The numbers came a day after data showed British wages, which Bank of England policymakers keep a close eye on as they debate when to raise interest rates, rose at their fastest rate in over six years in the three months to August. "It ... seems likely that wage growth will continue to rise, which should convince BOE members it is time to begin normalising monetary policy cautiously in the first half of next year," wrote SEB currency strategists in a research note. "The latest labour market data have made us more confident that euro/sterling will trade back below the 70 pence-level towards the end of the year."
Sterling hit $1.5550 as traders arrived at their desks in New York, the highest since late August, before later easing to $1.5513, still up 0.1 percent on the day. Against the euro, the pound weakened by 0.1 percent to 72.92 pence. A rate decision is expected from the Fed at 1800 GMT, and though the consensus is that rates will be kept at their current record lows, a significant minority are betting on a rate hike.
BoE Governor Mark Carney on Wednesday stuck to his view that a decision on when to start raising interest rates will become clearer around the end of the year, as he gave an annual report to parliament. He also said China-driven market turbulence should not change the bank's thinking.

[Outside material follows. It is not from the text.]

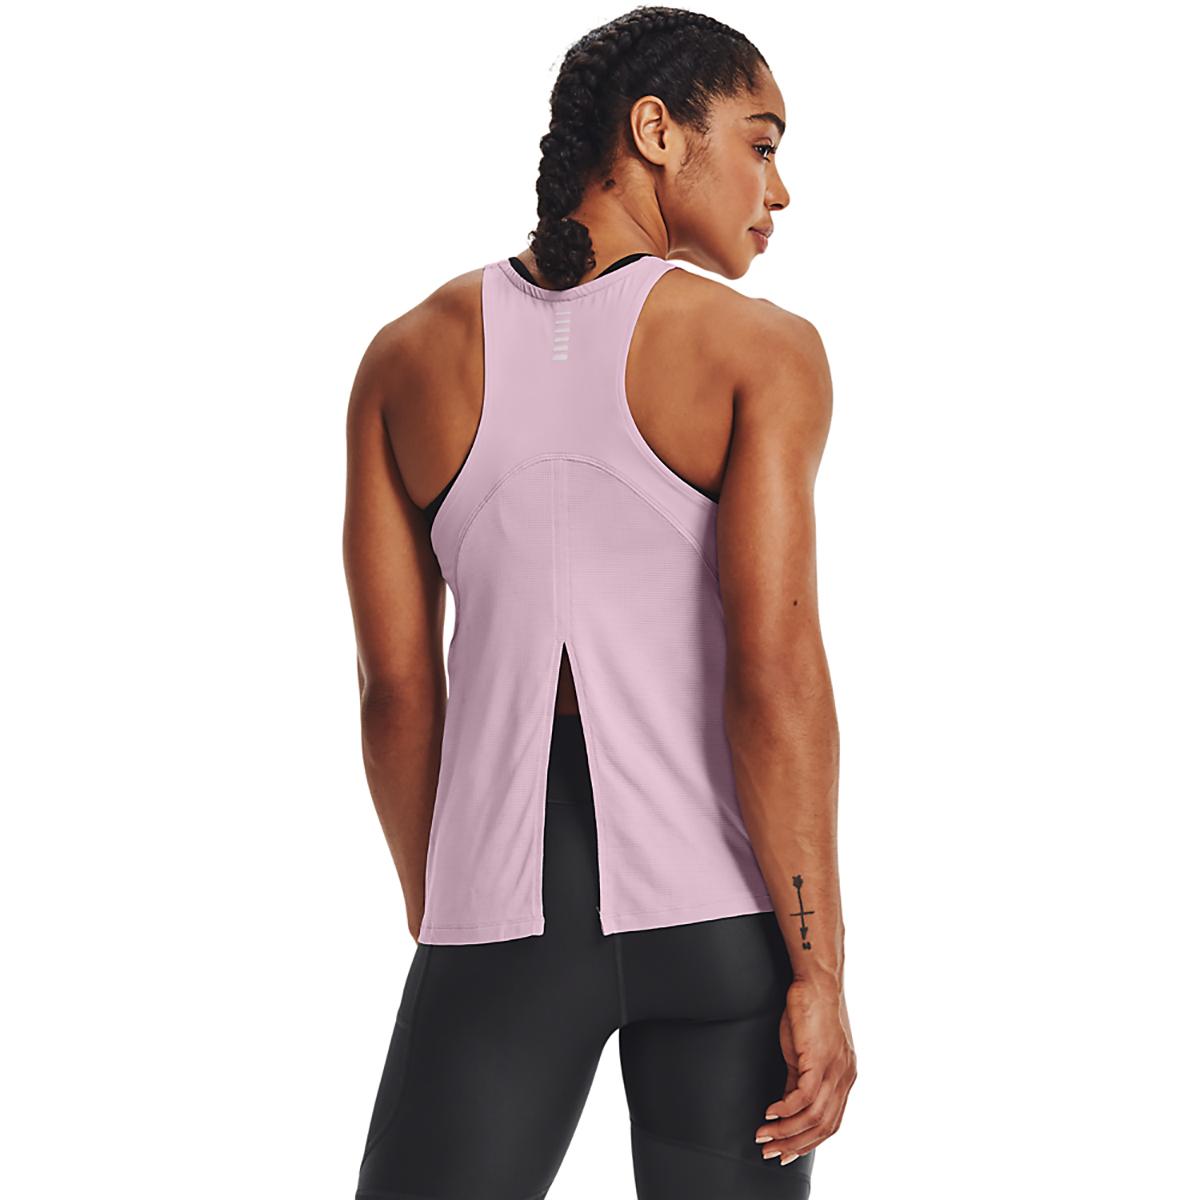 Women's Under Armour Iso-Chill Run 200 Tank - Color: Mauve Pink/Mauve Pink/Reflective - Size: XS, Mauve Pink/Mauve Pink/Reflective, large, image 2
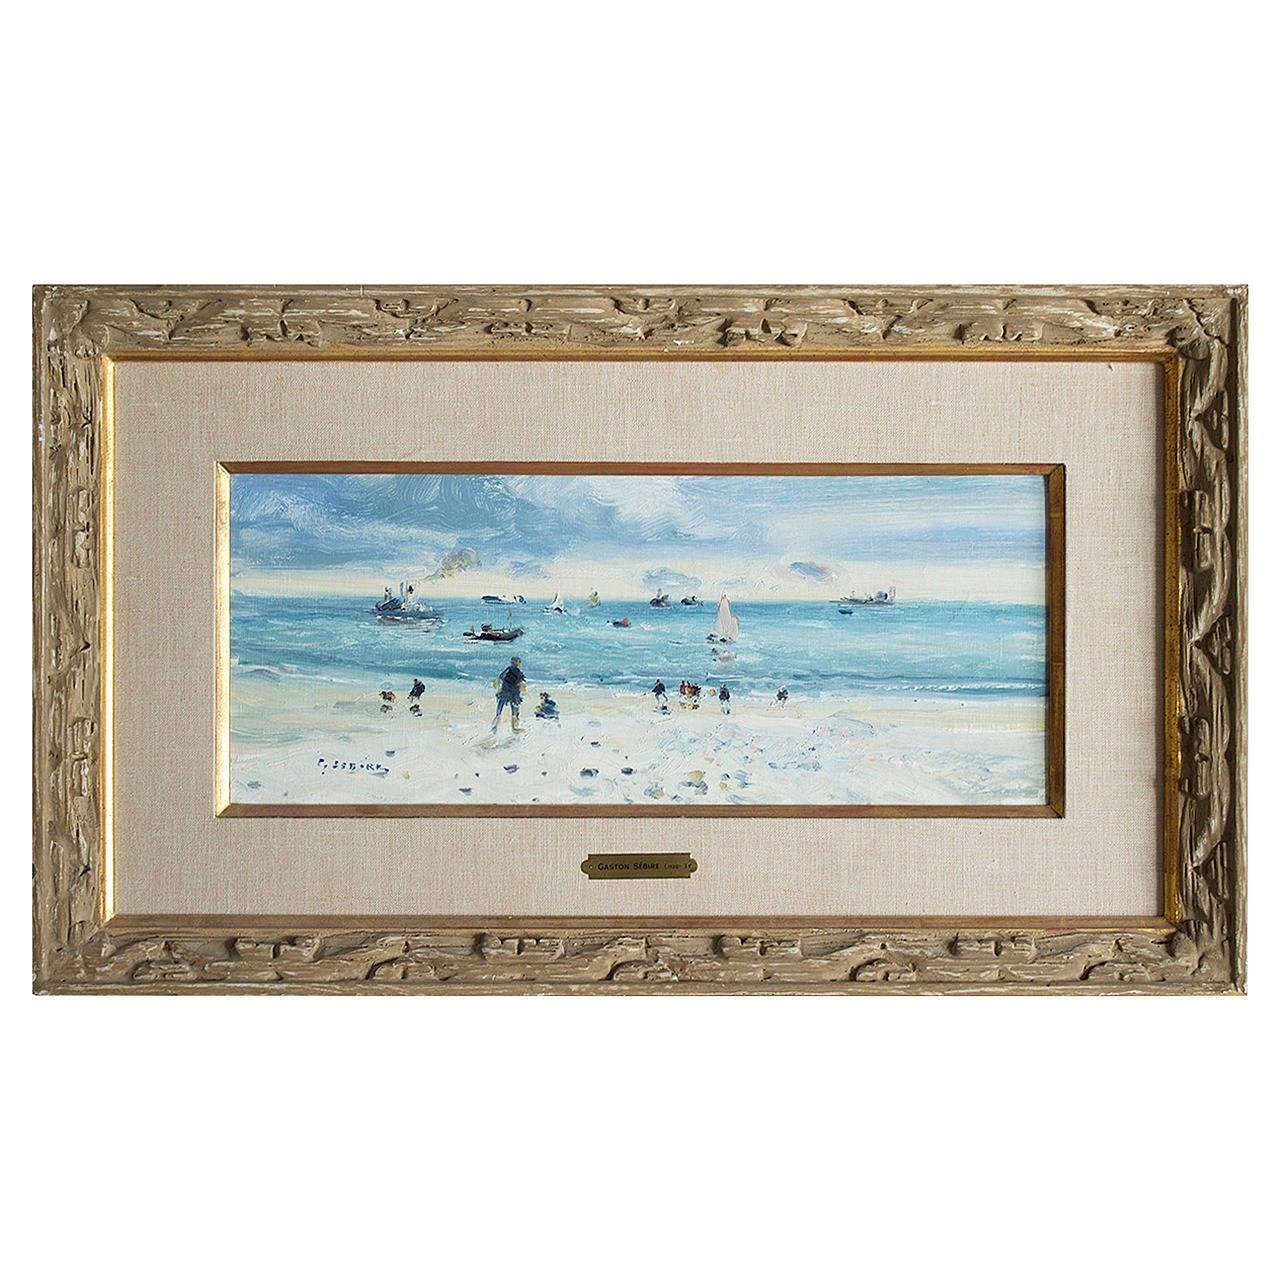 Plage au Havre, Oil on Canvas by Gaston Sebire

Fellow BoE policymaker colleague Kristin Forbes sounded a more urgent note, saying rates would need to rise soon, with very little slack remaining in the UK economy. "The Fed is no longer completely on its own," wrote Commerzbank FX strategists. "Therefore the losses for the pound as a result of a possible FOMC (Federal Open Market Committee) rate hike tonight should be limited. Carney also said the impact of a strong pound on inflation meant monetary policy must be "carefully calibrated". "Or in plain speak, 'we can't outdo other central banks with talk of higher rates if it means a much stronger pound'," wrote FX strategists at BNY Mellon.